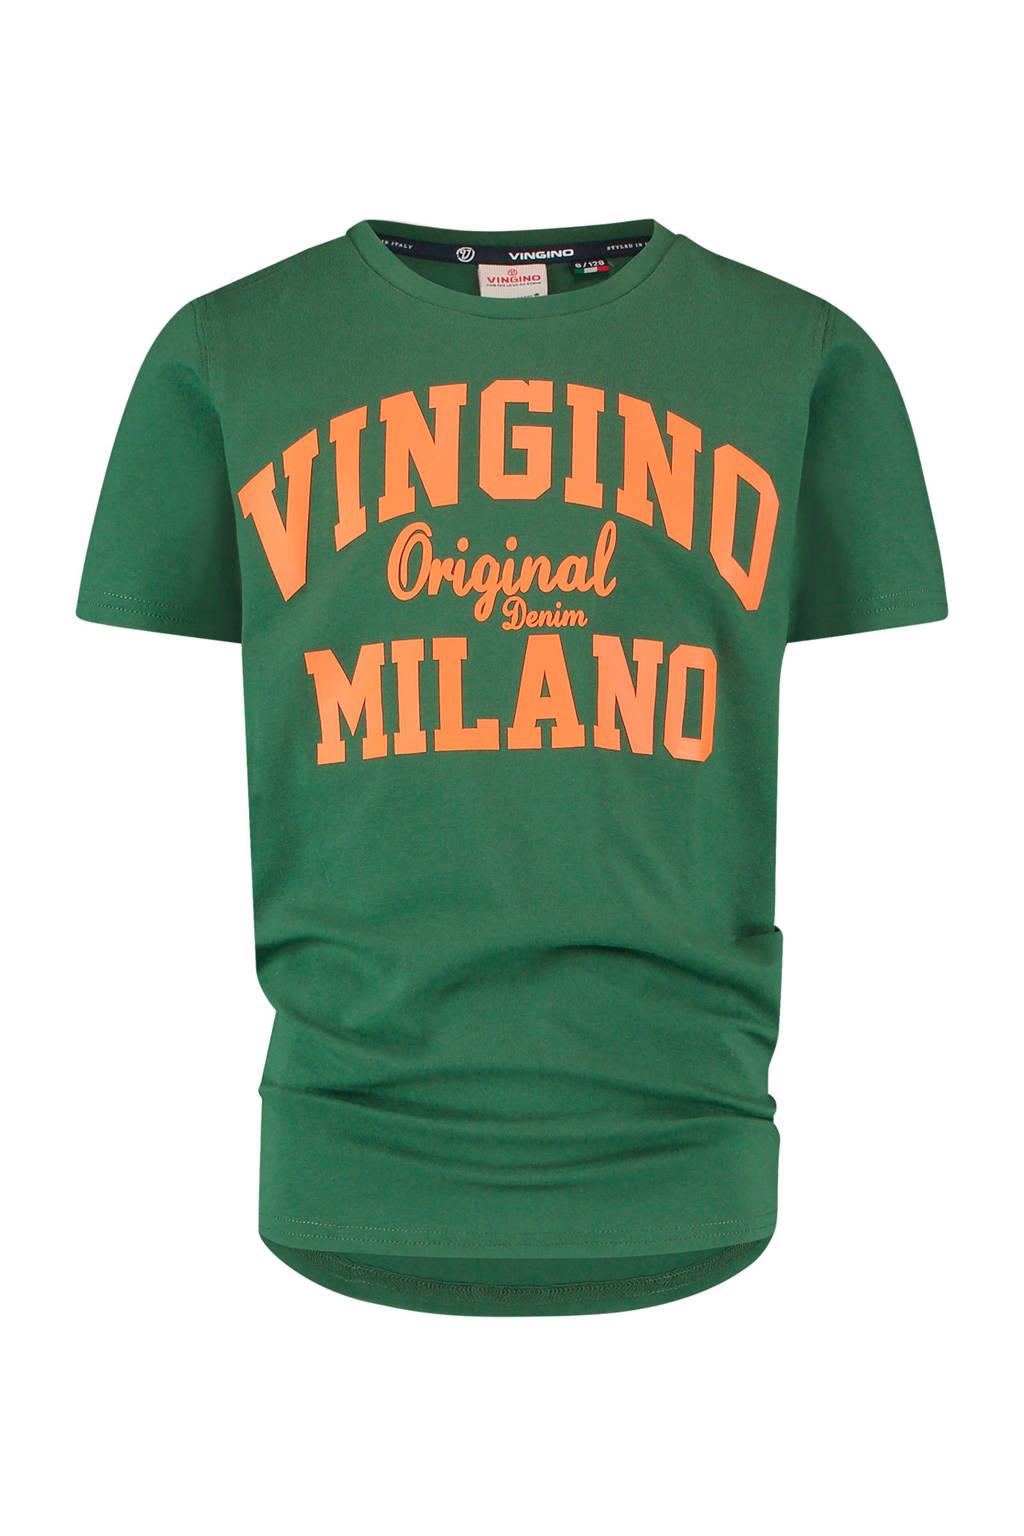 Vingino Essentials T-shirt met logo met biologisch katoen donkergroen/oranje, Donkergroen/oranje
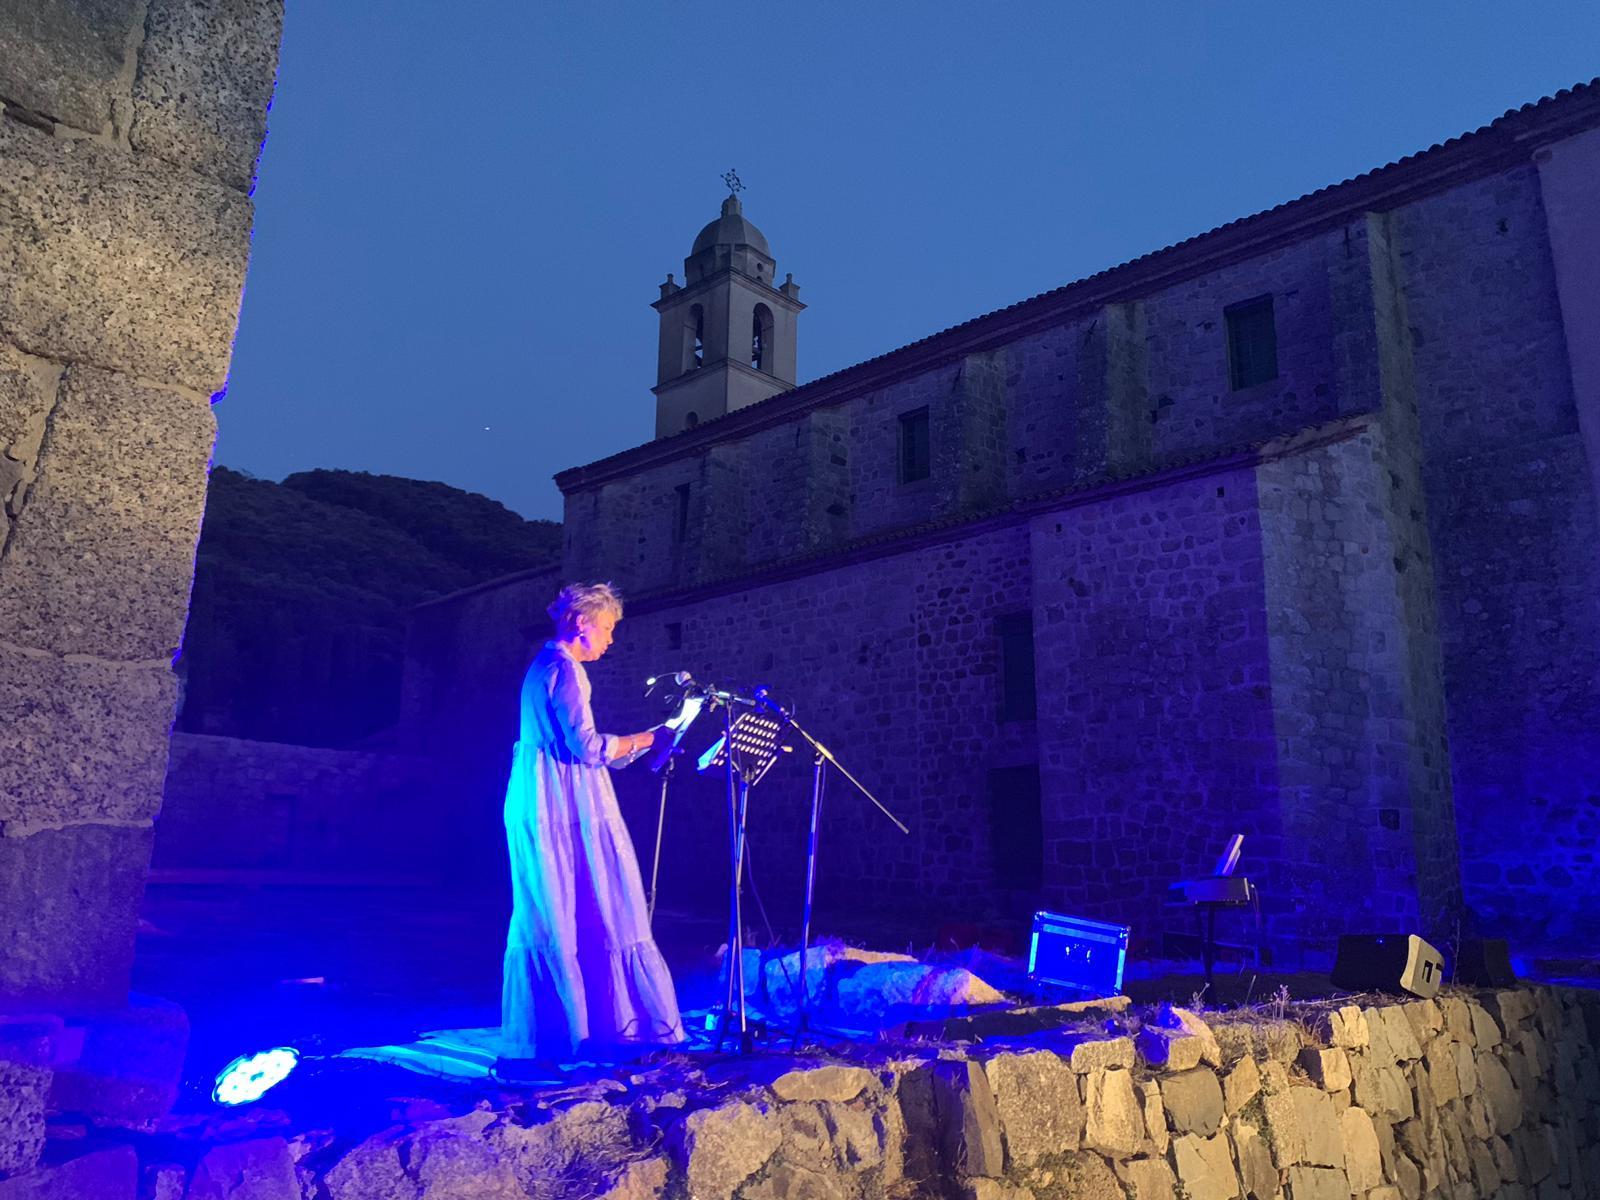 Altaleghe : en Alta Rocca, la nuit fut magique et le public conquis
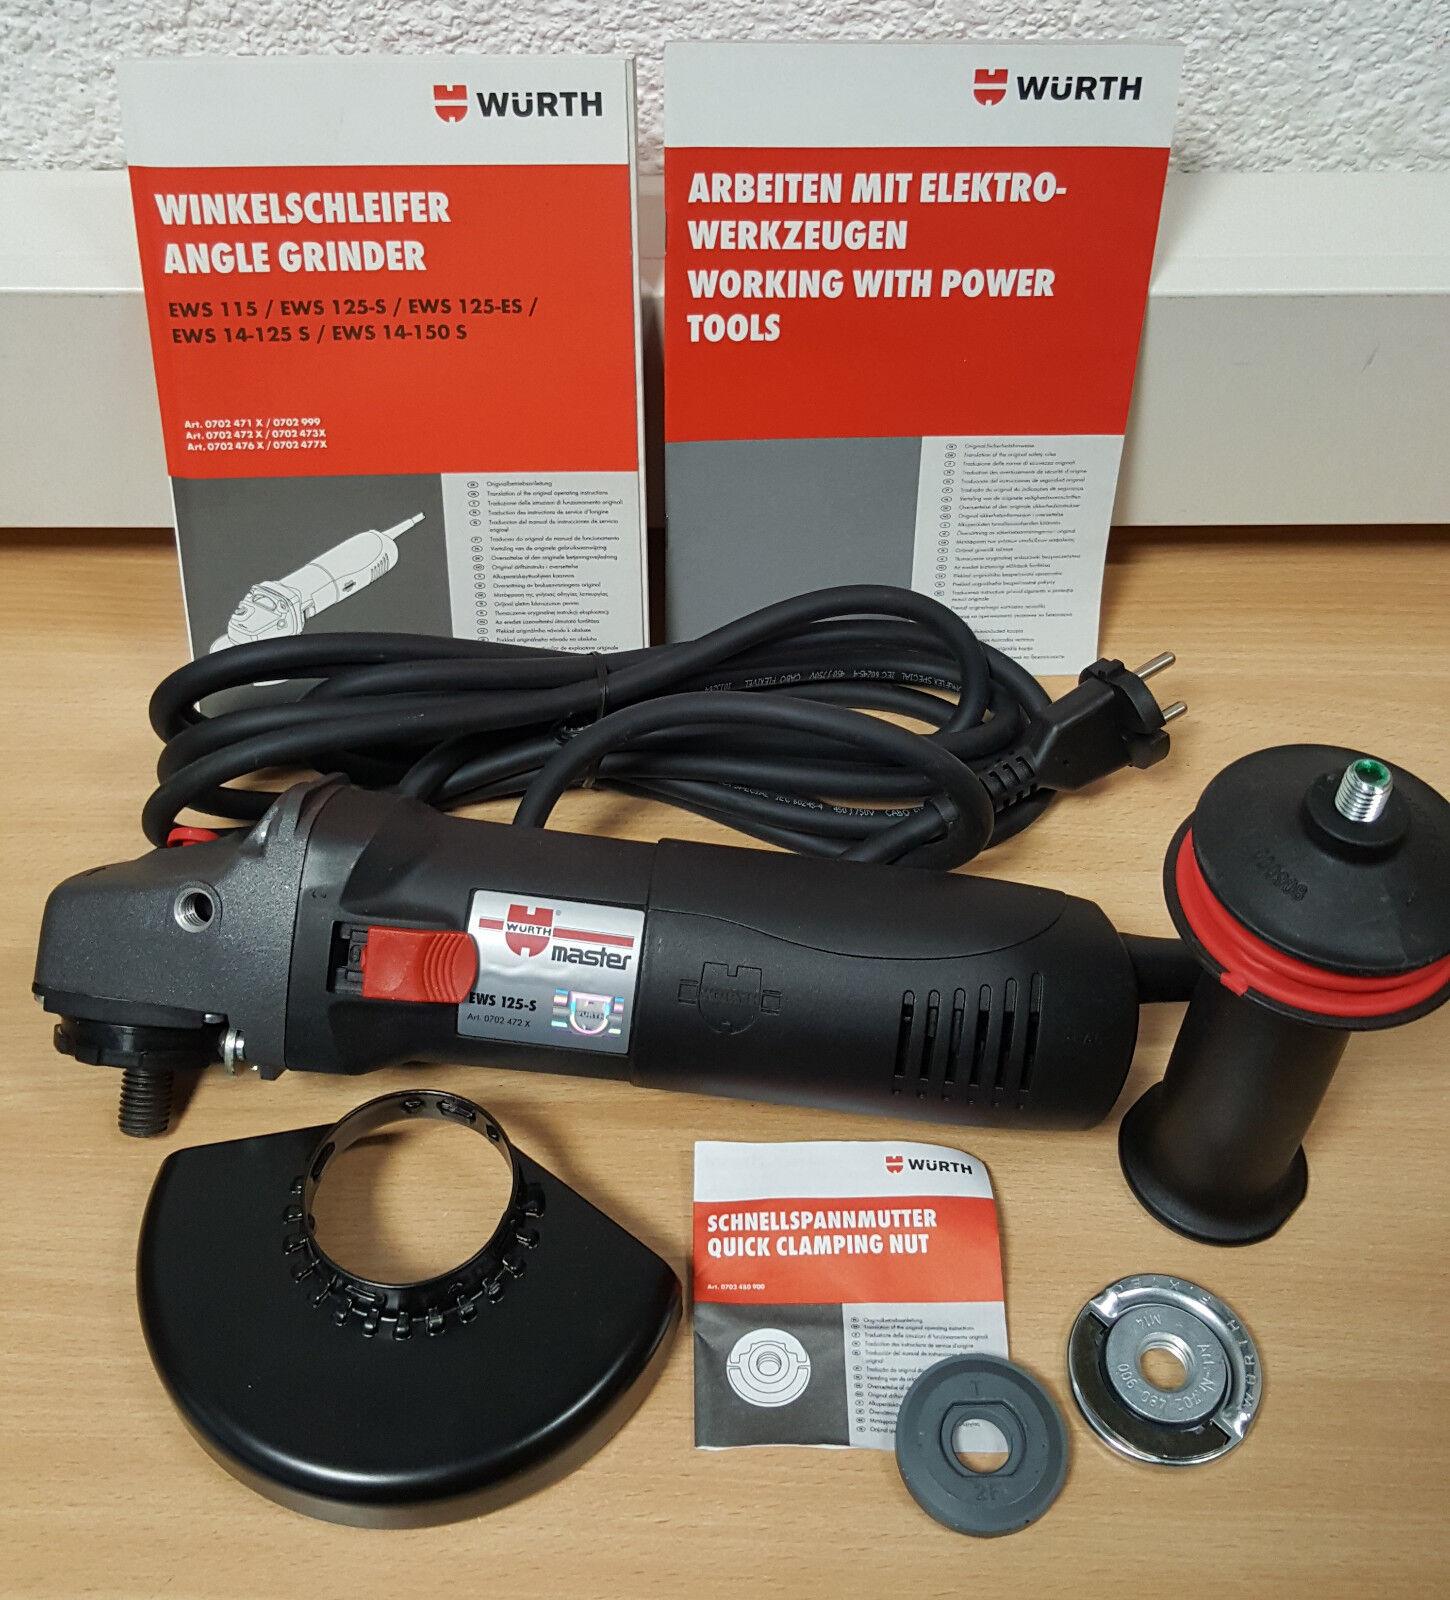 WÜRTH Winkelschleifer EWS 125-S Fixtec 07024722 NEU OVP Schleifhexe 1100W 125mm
○ ○ ○ ○ ○ ○ ○
* Task goal *
Give an exact copy of the listing above that leaves out every picture.

* Result for this task *
 Vingino Essentials T-shirt met logo met biologisch katoen donkergroen/oranje, Donkergroen/oranje
 Altaleghe : en Alta Rocca, la nuit fut magique et le public conquis
 WÜRTH Winkelschleifer EWS 125-S Fixtec 07024722 NEU OVP Schleifhexe 1100W 125mm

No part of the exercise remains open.